Search result grouping by N fields

I am a total newbie so forgive me if this is answered in the latest documentation and I just haven't seen it.

Is there native (configurable) support for search result grouping by N user selected fields? I have an index with 100 million docs and roughly 200 fields. I'd like to run a search (even a "get all" search) with a field set I choose (say up to 20) and get a unique result set "grouped" by the field set I chose at runtime. I expect high cardinality. I also require user defined sorts and some basic stats with each unique result (count and sum(field).

I've read that the latest Solr can support this but only up to a max of N=4.

Perhaps you could provide a simple example to clarify your expectation.

Sure. So the index has 200 fields and 100M docs. The user wants to browse the data to look for patterns based on some key fields they expect to be relevant. So they run a search like q=* and choose a field list of A, B, C, D, E, F, G, H, I, and J, and a sort of B ascending. The user expects the results to be grouped by those 10 fields, meaning the docs are rolled up where there are exact value matches for the 10 fields. The user can see a count of how many docs are in each group, and the sum of a number field X.

Count, Sum, A, B, C, ... (headers)
10, 45.678, Jim, 10 Main Street, 1/1/2016, ... (there are 10 docs in the index that have the same values for the 10 fields requested)
35, 34545.56, Jane, 11 Main Street, 2/3/2015, ...

This is possible in ES using the scripting support of the Terms Aggregation. E.g. the user selects the fields they are interested in, that list is passed to the terms agg as a script, and the script extracts the each of the field values for aggregating.

The downside to this approach is that it'll be slower, since the script won't be able to use certain internal optimizations. But it'll do the job.

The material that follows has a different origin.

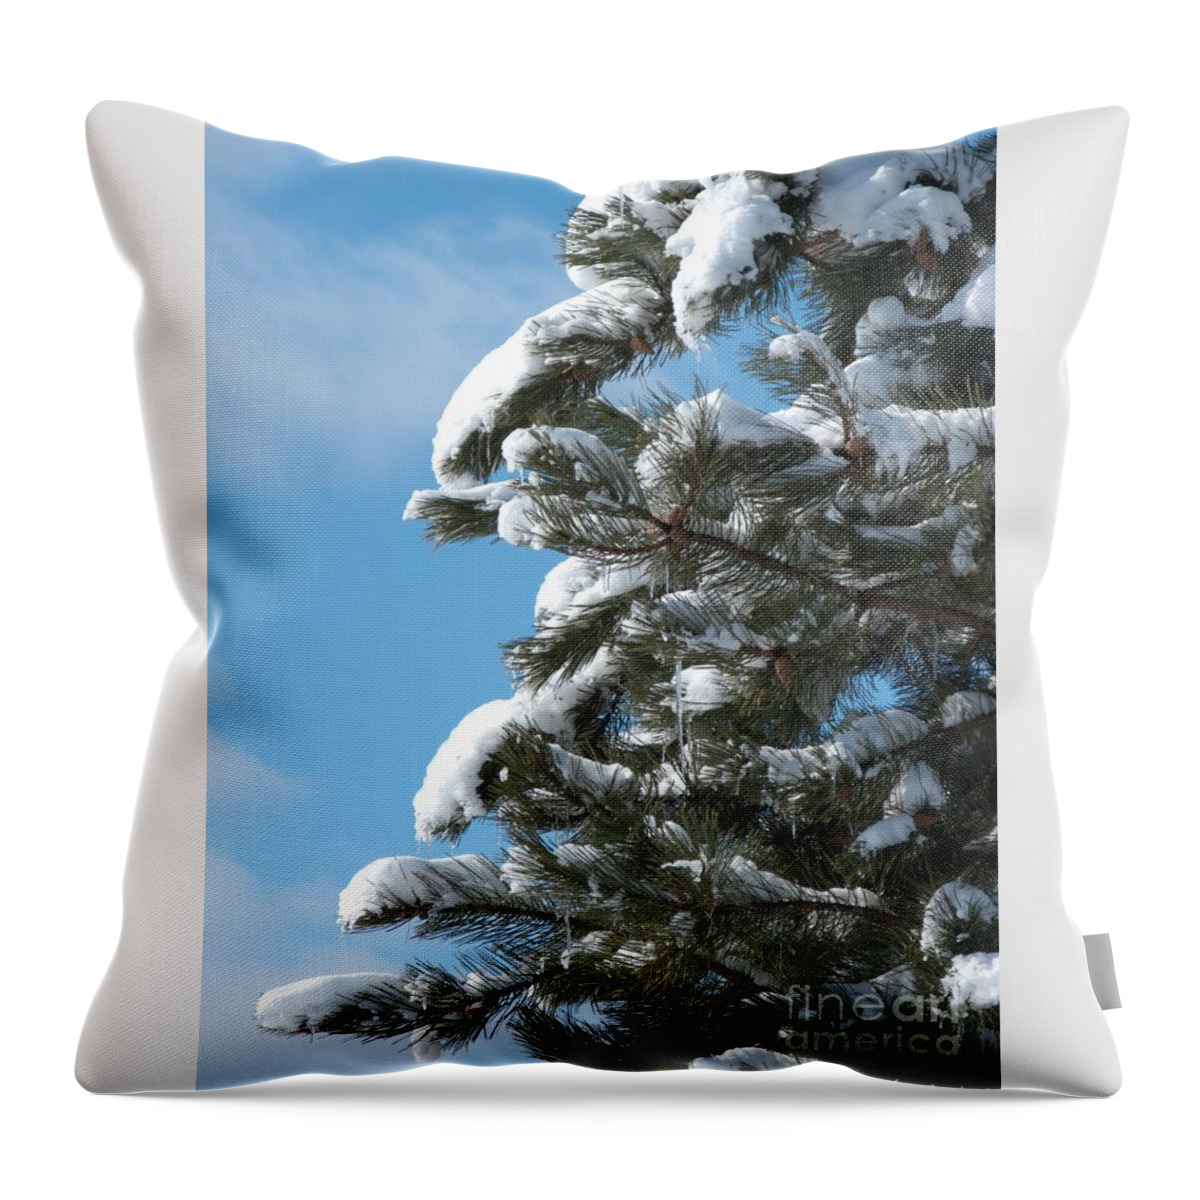 Snow Throw Pillow featuring the photograph Snow-Clad Pine by Ann Horn

If you know what fields are selectable, and in what combinations, you can use the copy_to functionality to create a special "combined" field to aggregate

Thanks Zachary. I see the section "Multi-field terms aggregation" in the docs now. I have a couple follow up questions.

Do field terms hold on to deleted values? So I have a field called Animal and it's indexed terms are "cat", "dog", "bird". If I delete all the docs that contain Animal=bird, then soon after (seconds, minutes?) ask for all the terms on Animal will I still see "bird"?

Most fields in my indexes are high-cardinality (can be in the 7 figures). I read that setting "size" to 0 is bad - "Don’t use this on high-cardinality fields as this will kill both your CPU since terms need to be return sorted, and your network.” From your experience would it be reasonable to set the "size" to the shard doc count, say 10,000,000 while also using script to group by 10 or more fields? Of course load testing is the only way to answer performance questions, but does this scenario sound performant to you (for real time user searches)?

Potentially, for a brief moment. Elasticsearch offers "near real-time" search, meaning that search results "lag" behind real-time by a certain amount. Under default settings, this lag is one second, as defined by the refresh_interval setting. So if you delete all the documents containing "bird" (and can do that in under one second) then quickly query before the 1s threshold, you'll see some "bird" docs returned.

A second later, the refresh cycle ticks over and the segments are updated, and those "bird" documents will no longer be visible. You can read more about it here: Near Real-Time Search | Elasticsearch: The Definitive Guide [2.x] | Elastic

From your experience would it be reasonable to set the "size" to the shard doc count, say 10,000,000 while also using script to group by 10 or more fields?

This would give me pause as well. What you're telling ES is to calculate the top 10m documents even though you just want the top 10. The larger shard_size exists to help provide better accuracy to your top n results by collecting a larger candidate pool before pruning locally.

But under most data distributions (e.g. a zipf distribution or power law, where the top results are highly prevalent and it quickly falls into a long-tail of low occurrence terms), you don't need many more results to guarantee the top n are accurate, because of the quick falloff. E.g. shard_size of 50 or 100 is sufficient to guarantee the top 10 are accurate under a normal power law.

The problem with large shard_sizes is that it adds a ton of memory overhead (you have to maintain a priority queue 10m deep). And this is done per-shard, so if you have multiple shards on one node, you'll have higher overhead than you may expect. And it's a lot of wasted work really.